Aim of the exercise: What is needed is an exact transcription of the listing, with the images removed.

═════ Data provided

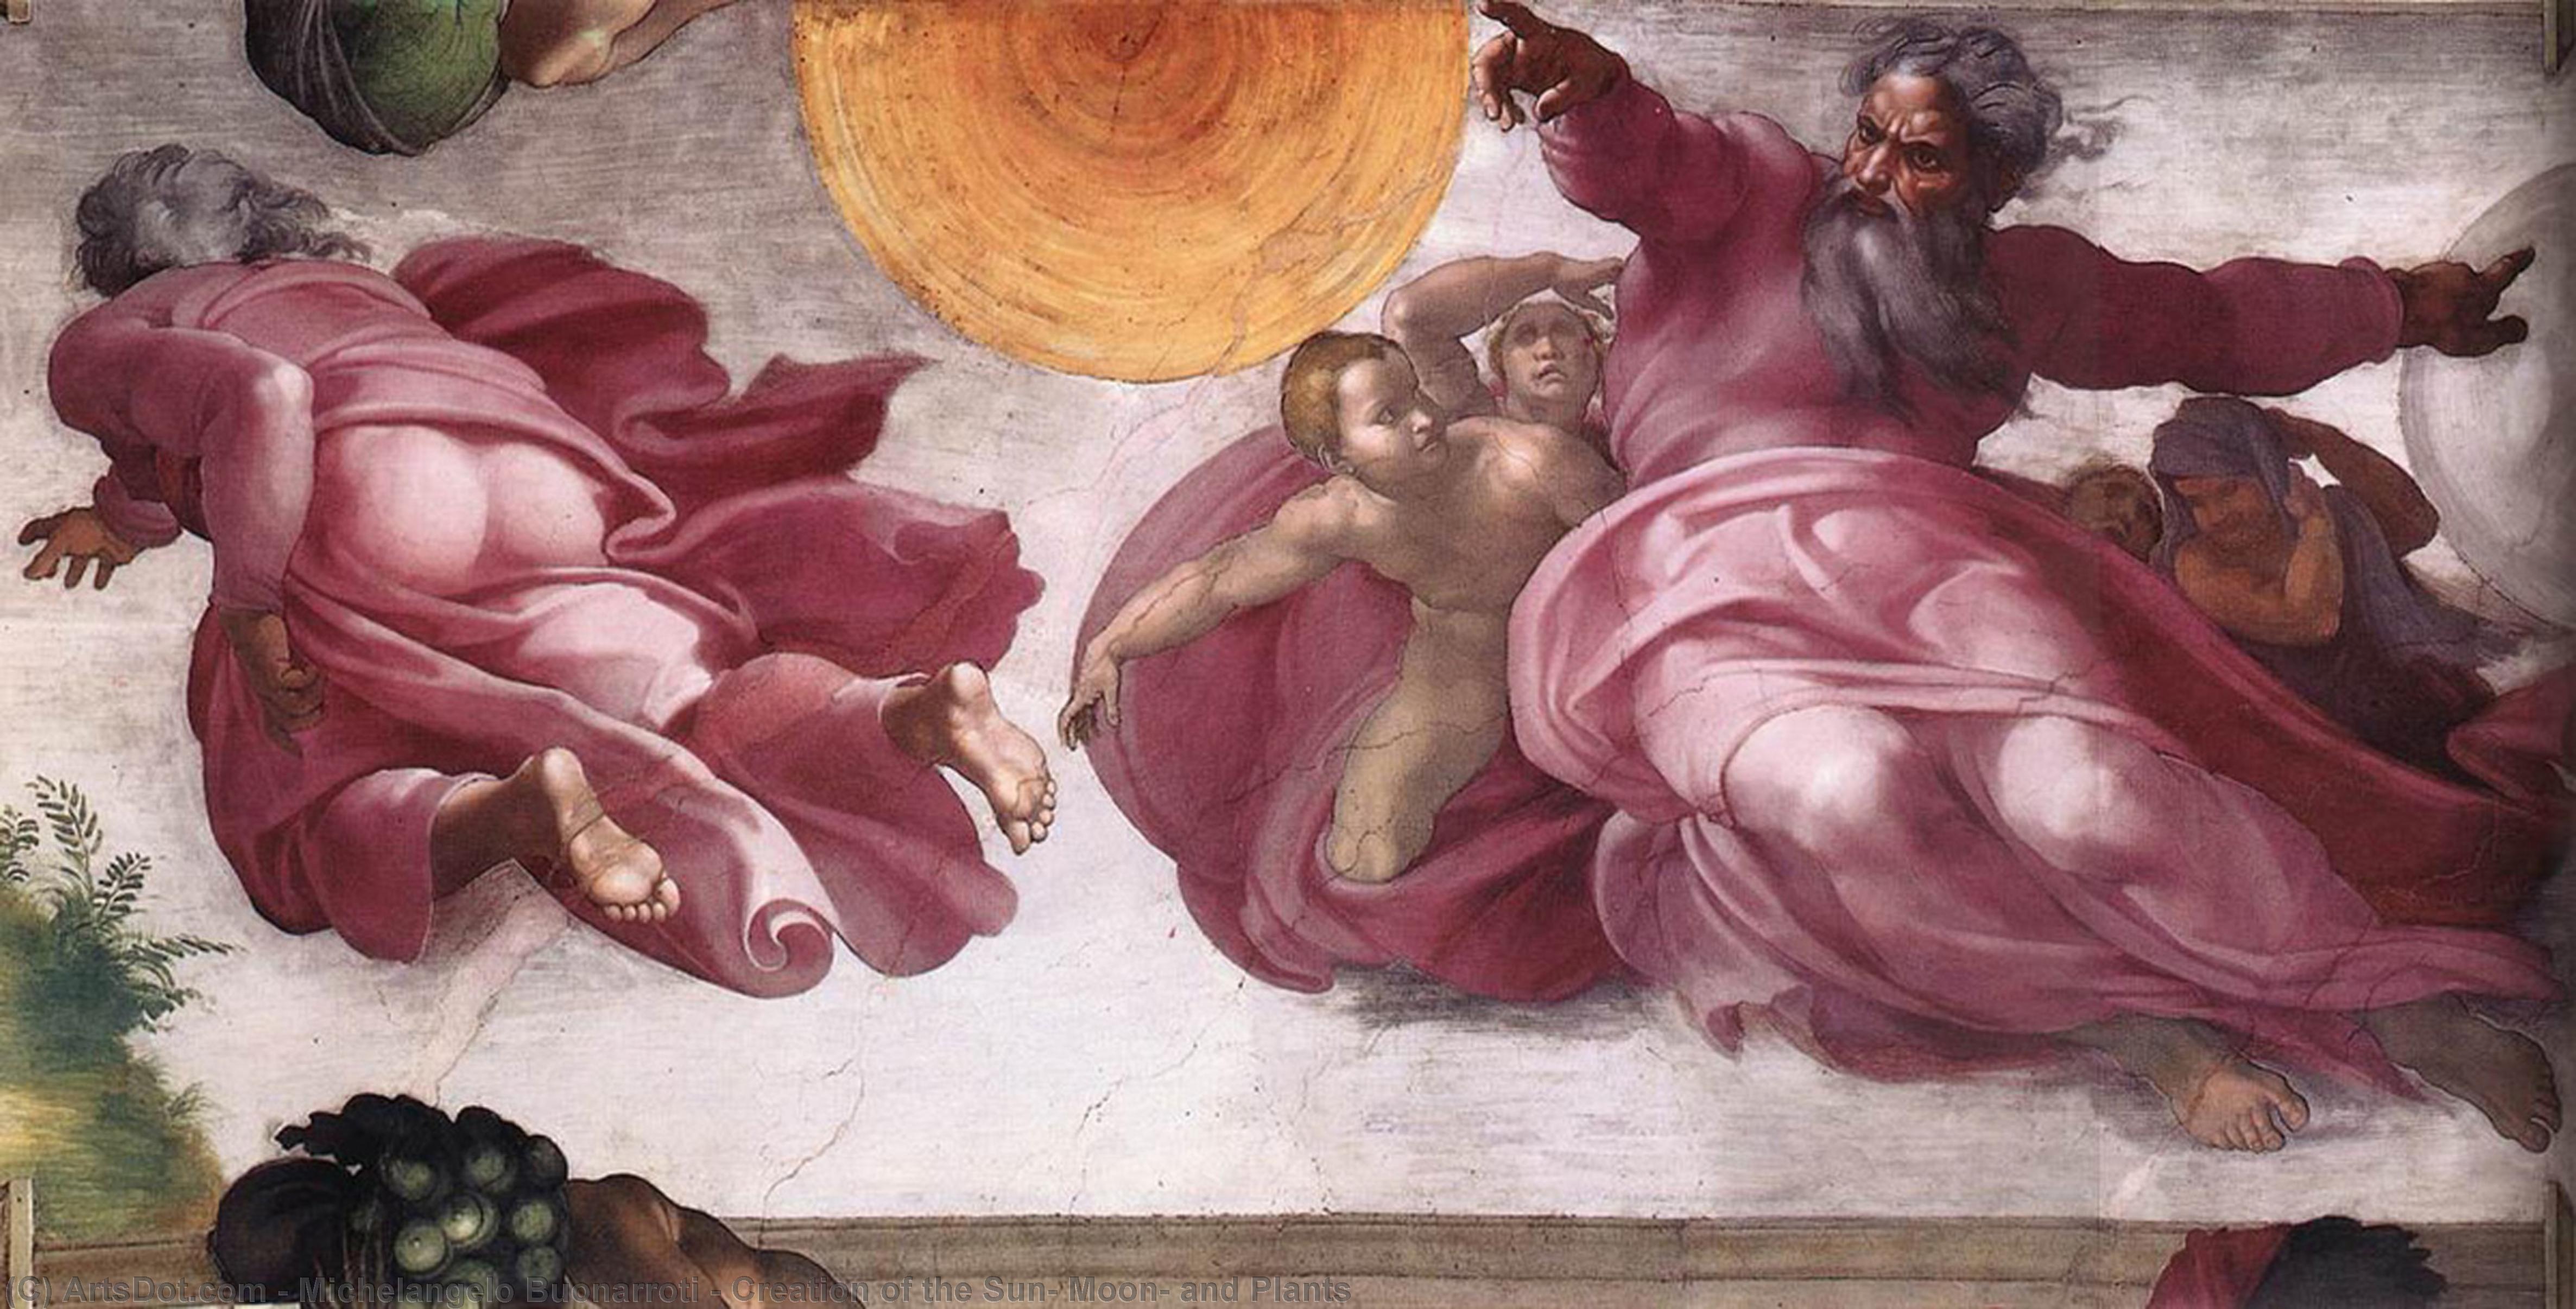 Wikioo.org - Bách khoa toàn thư về mỹ thuật - Vẽ tranh, Tác phẩm nghệ thuật Michelangelo Buonarroti - Creation of the Sun, Moon, and Plants
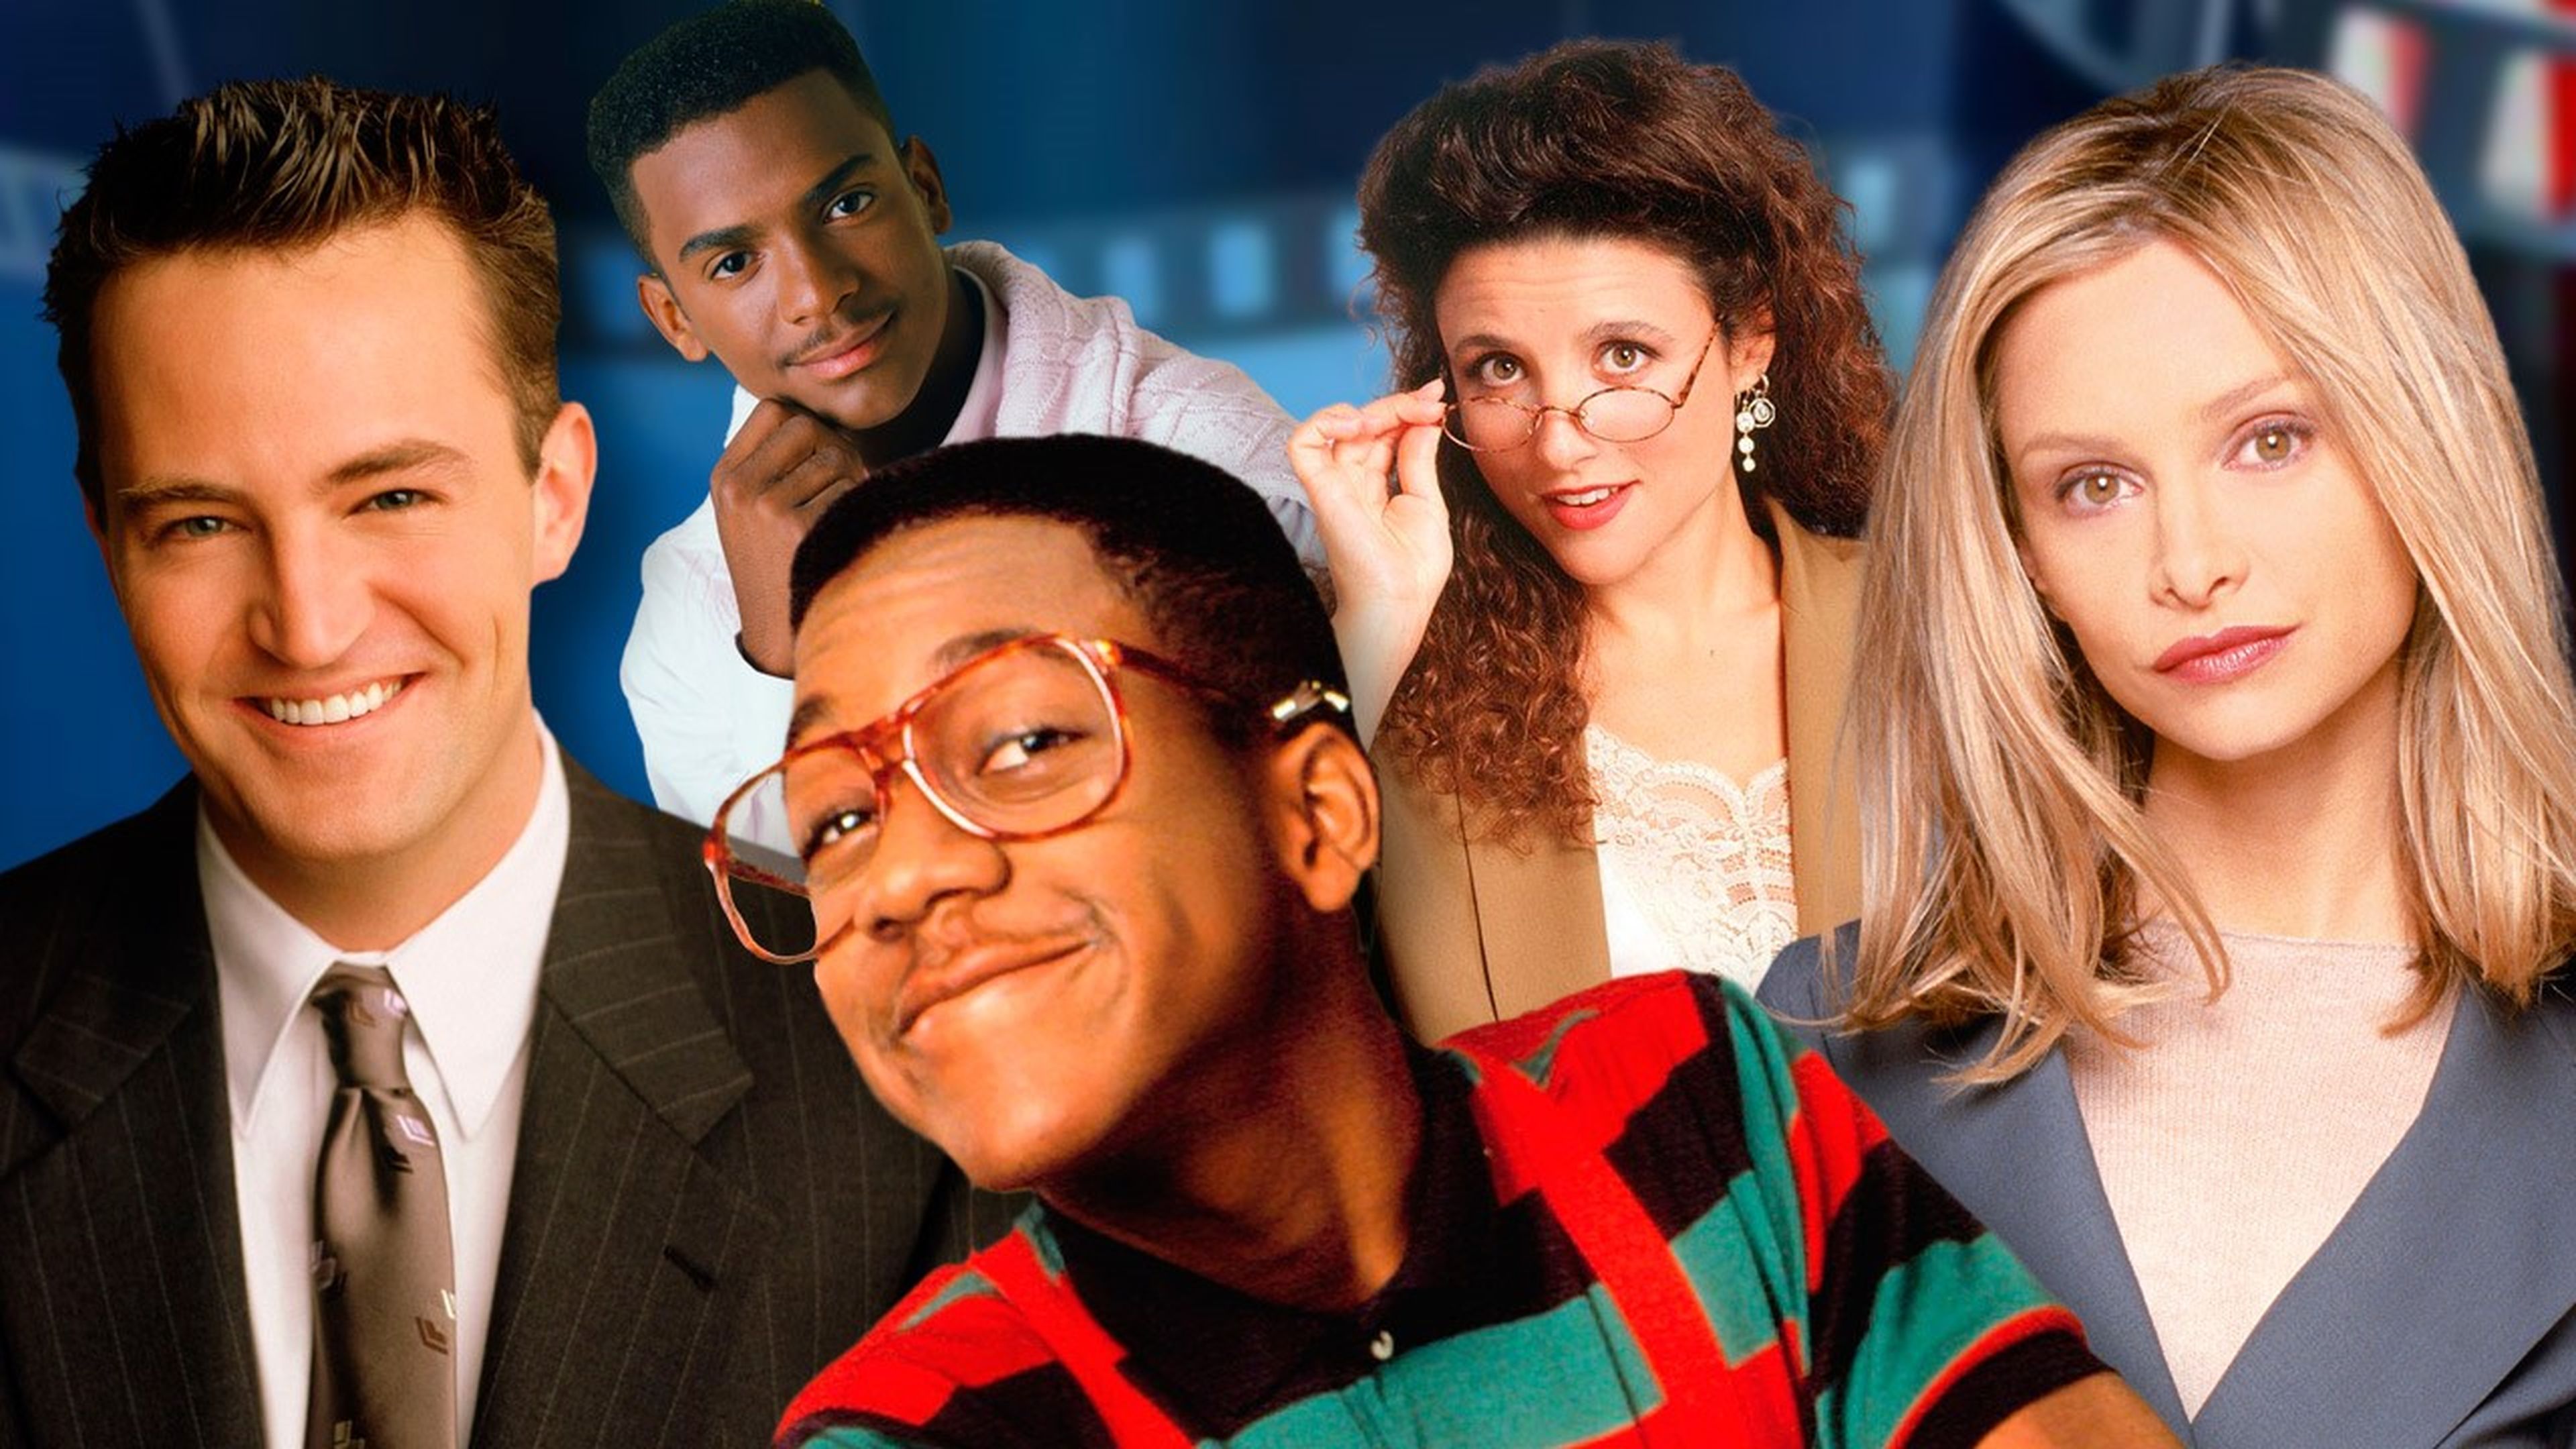 Dónde están ahora los actores de las grandes telecomedias de los 90?
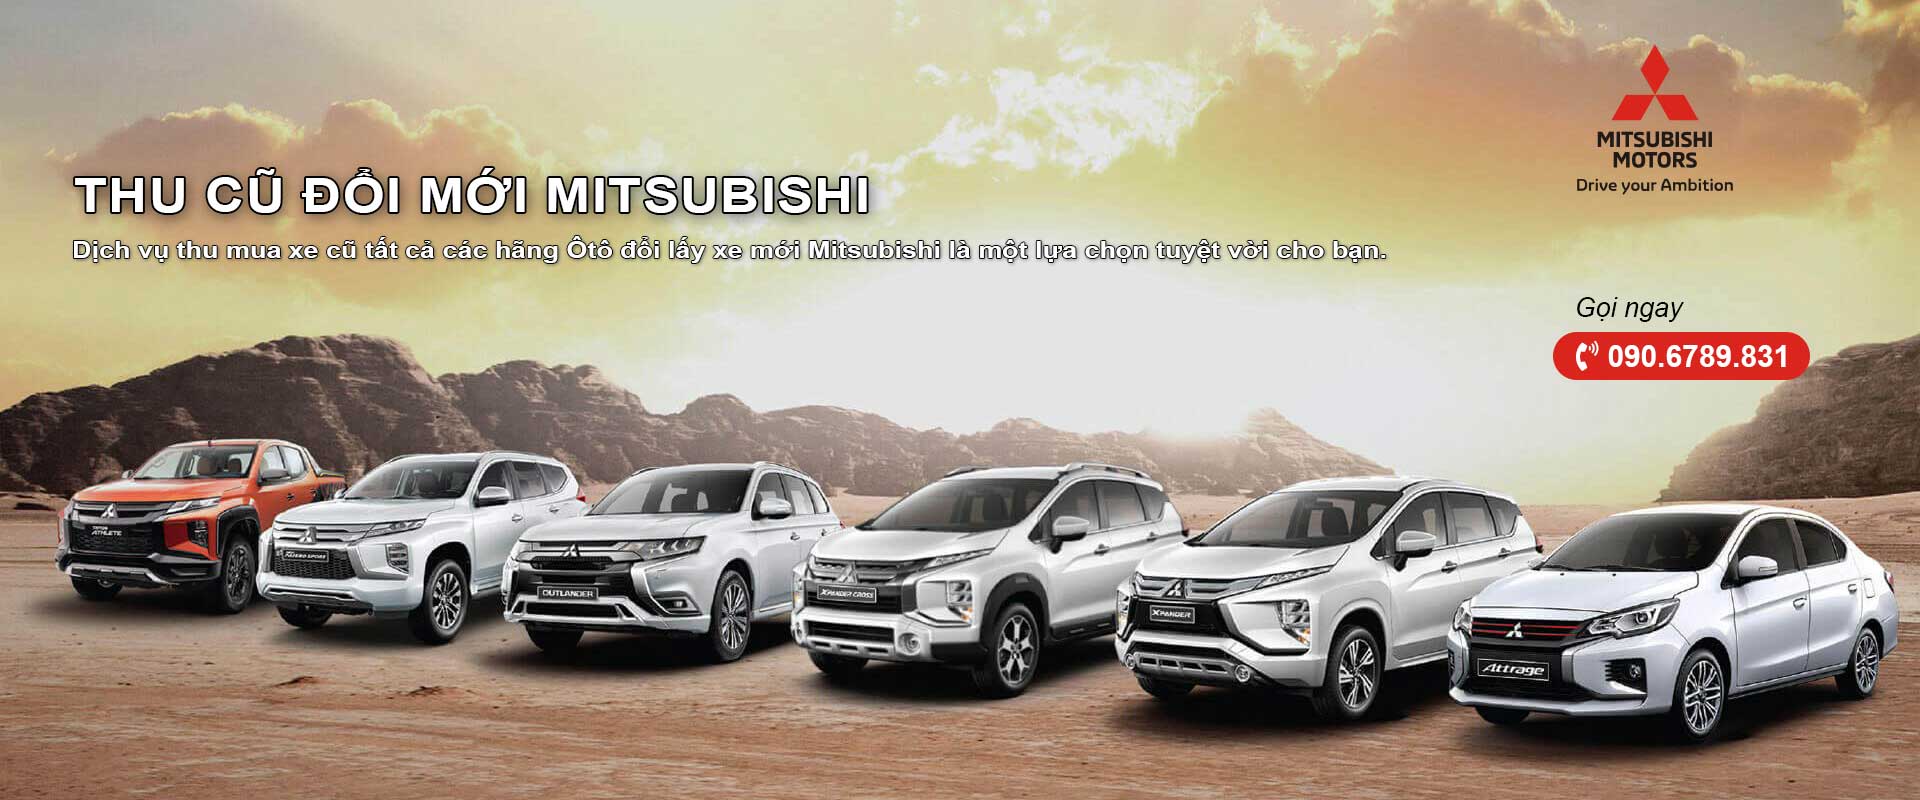 Slider - Thu cũ đổi mới Mitsubishi

══════════

Task solution:
 Wikioo.org - Bách khoa toàn thư về mỹ thuật - Vẽ tranh, Tác phẩm nghệ thuật Michelangelo Buonarroti - Creation of the Sun, Moon, and Plants
 Dónde están ahora los actores de las grandes telecomedias de los 90?
 Slider - Thu cũ đổi mới Mitsubishi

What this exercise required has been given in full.